Dilute 1oz essential oil of pennyroyal in 16oz vegetable oil to effectively repel mosquitoes.  Keep a vial of this dilution with you when headed for a picnic, swing in the hammock or anywhere mosquitoes hang out.  Oil of Pennyroyal has protected campers in the swampiest of areas by directly applying it to exposed areas of skin.

 

Black flies ruining a relaxing day in the park?  Check out the surrounding area for aromatic evergreen trees, break off a branch, mash it with a rock and apply to arms and legs.  The released essential oils will repel those bothersome bugs.

 

Don’t be the local attraction for stinging insects.

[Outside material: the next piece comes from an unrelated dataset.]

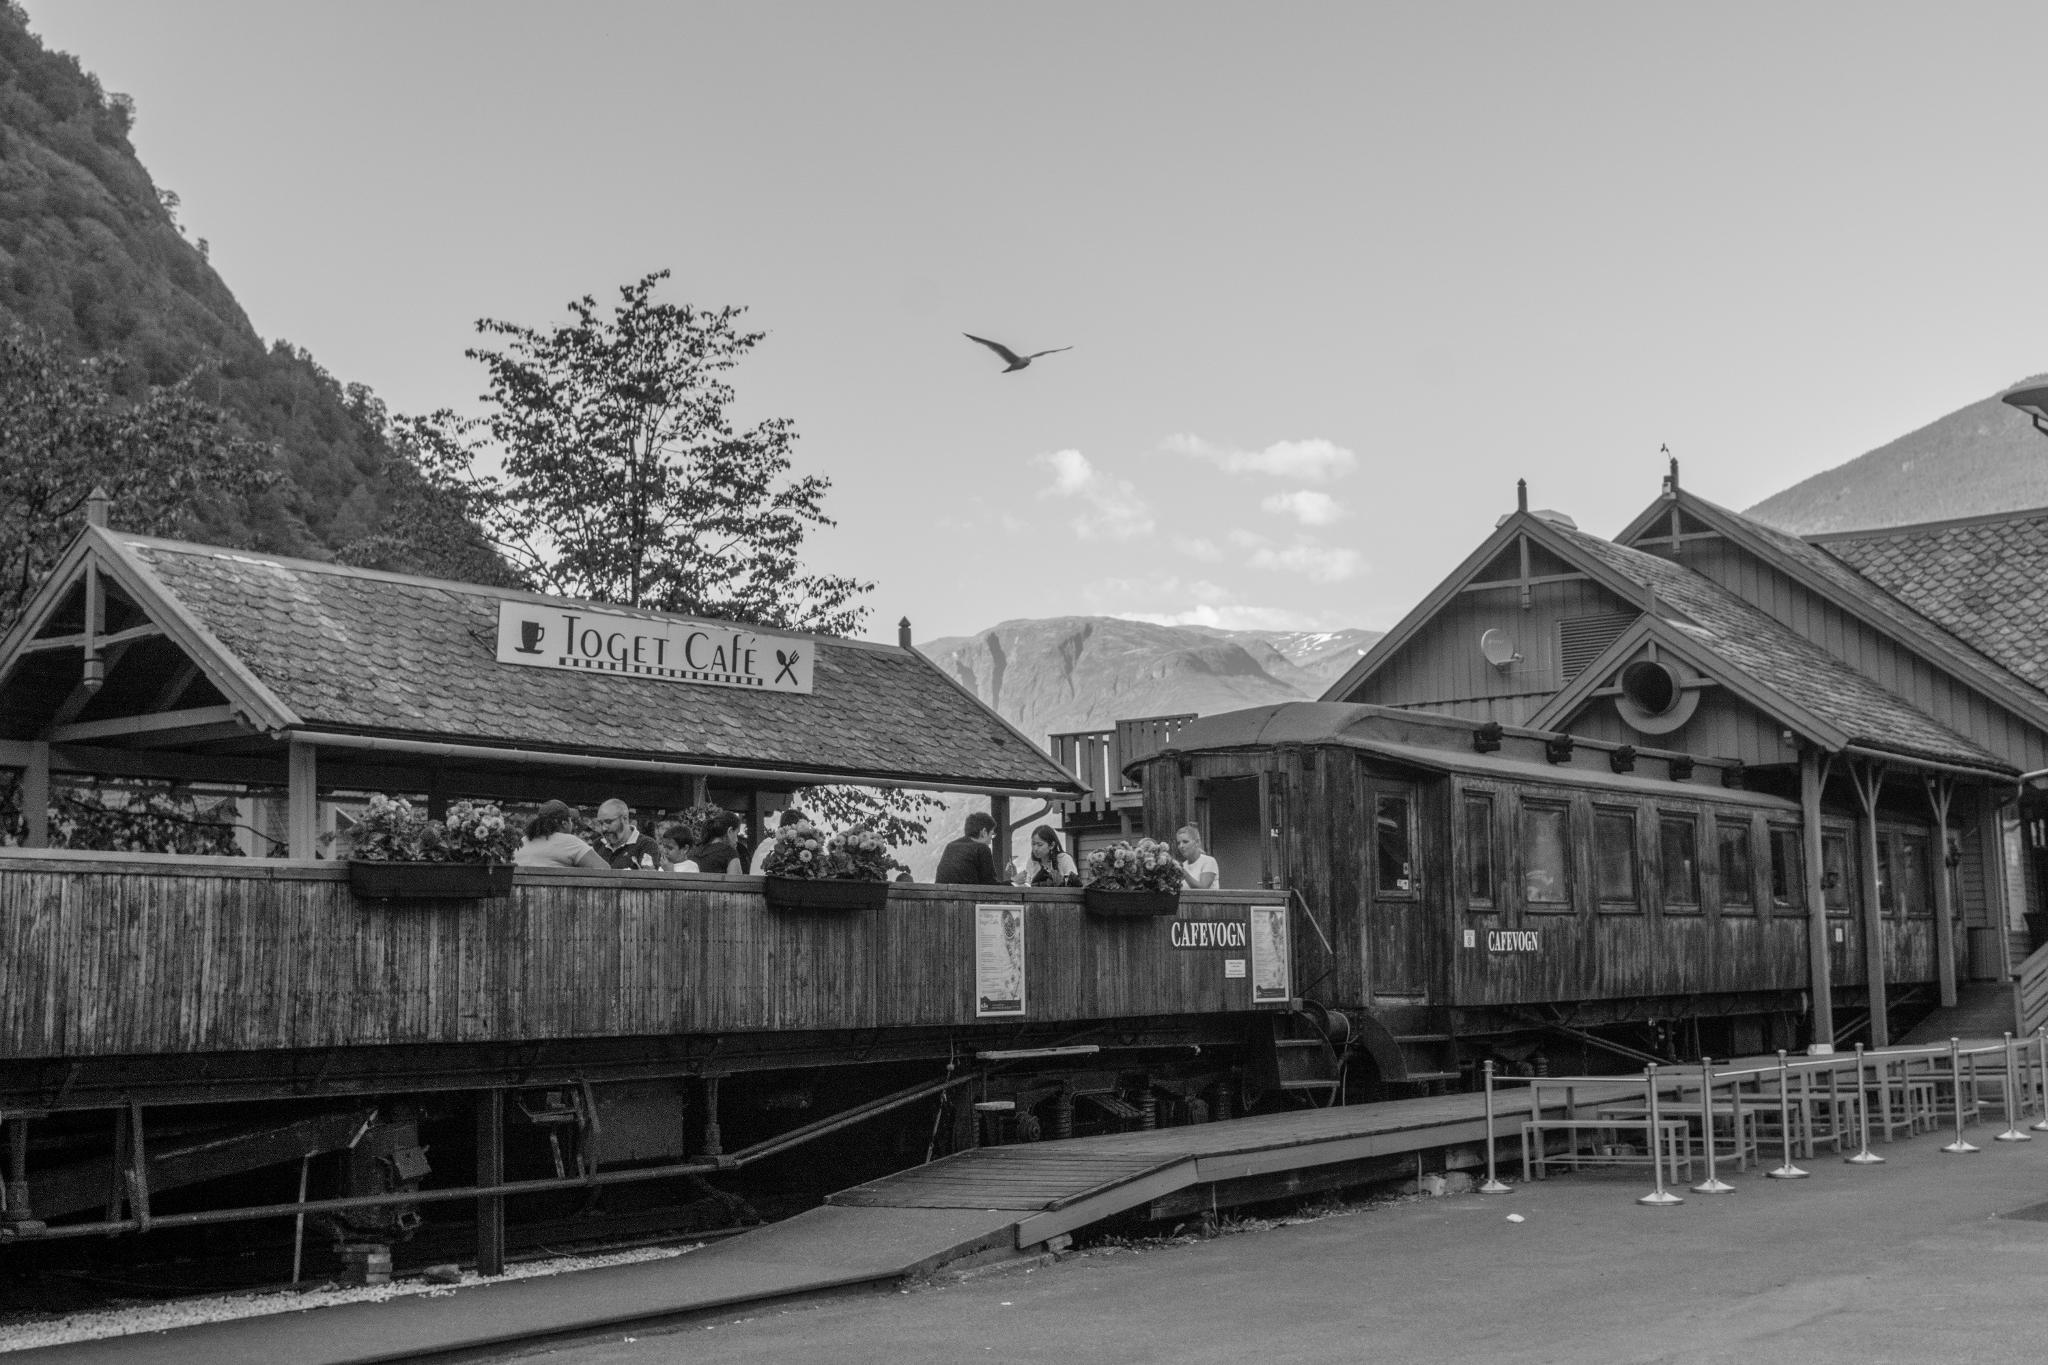 【北歐景點】Flåm 弗洛姆小鎮 — 挪威縮影的重要轉運站 (Flåm Camping與松恩峽灣渡輪介紹) 11

Bees, wasps, and yellow jackets are attracted by sweet smells and bright colors.  If you don’t want them to think you are a delectable flower to explore, avoid wearing perfumes and scented hair and body care products, as well as brightly colored clothing. Neutral colors such as tan and white are least likely to attract unwelcome visitors.  Cover sugary food and drink at picnic sites.

 

The easiest, most non-invasive way to remove embedded stingers or body parts of insects (splinters and thorns, too!) is to apply ripened, mashed banana covered with gauze, or tape on a piece of overripe banana skin overnight (pulp side to skin).  The enzymes in the banana will painlessly draw to the surface any foreign object. 

 

Stopping the itch and swelling.

If you ventured out into the great outdoors without protection and got bitten or stung, safe, non-chemical solutions can prevail.  The oil of a vitamin E capsule punctured with a pin and applied to a bee sting can relieve pain and swelling.  A juicy slice of onion rubbed on or taped into place will relieve the itch and swelling of an insect bite.

 

The common weed, plaintain, when mashed with a rock or chewed to break down its capillary walls (only chew if you are certain it has not been chemically treated) and poulticed directly on the affected area, pulls out the toxins of an insect sting or bite and relieves swelling.  A paste of baking soda and water or mud and water will calm the area.  It all depends upon where you are and what’s available.  Usually, what you need is right at hand.  You just need to be able to recognize its healing benefits.  Keep in mind that more than one application may be necessary so use what is convenient for the moment and follow up a few more times that day with what seems to provide the most comfort.

 

House moths, the unwelcome guests.

Those bothersome moths moved right into your clothes closets and food pantry without invitation - or did you unwittingly invite them?  Residues of odors and stains on clothing attract moths to your closets.  Open bags of cereals, grains and flours are comparable to putting out the welcome mat.  The easiest way to deal with the food items is to refrigerate them during summer months.  Clean clothing before storing.  Additional protection can be provided by placing muslin bags in your closets filled with combinations of dried, aromatic herbs and essential oils such as tansy, peppermint, rosemary, eucalyptus, cedar, sage, thyme, cinnamon and clove.

 

Keeping houseplants bug-free.

Infected houseplants often respond well to a strained spray of water blended with a few fresh cloves of garlic.  The eucalyptus/water spray described above can also be applied to houseplants.

 

In centuries past, aromatic herbs were strewn on the floors of homes to repel insects.  Instead, branches of herbs can be hung in doorways, arranged creatively in containers or crumbled into potpourris creating pleasant pest-repellent aromas.  Essential oils can waft throughout the home in electric or candle diffusers.  Cotton balls infused with essential oils can be strategically placed.

 

Let us peacefully co-exist with the insect world without polluting ourselves and our fragile environment by using Nature’s bountiful gifts.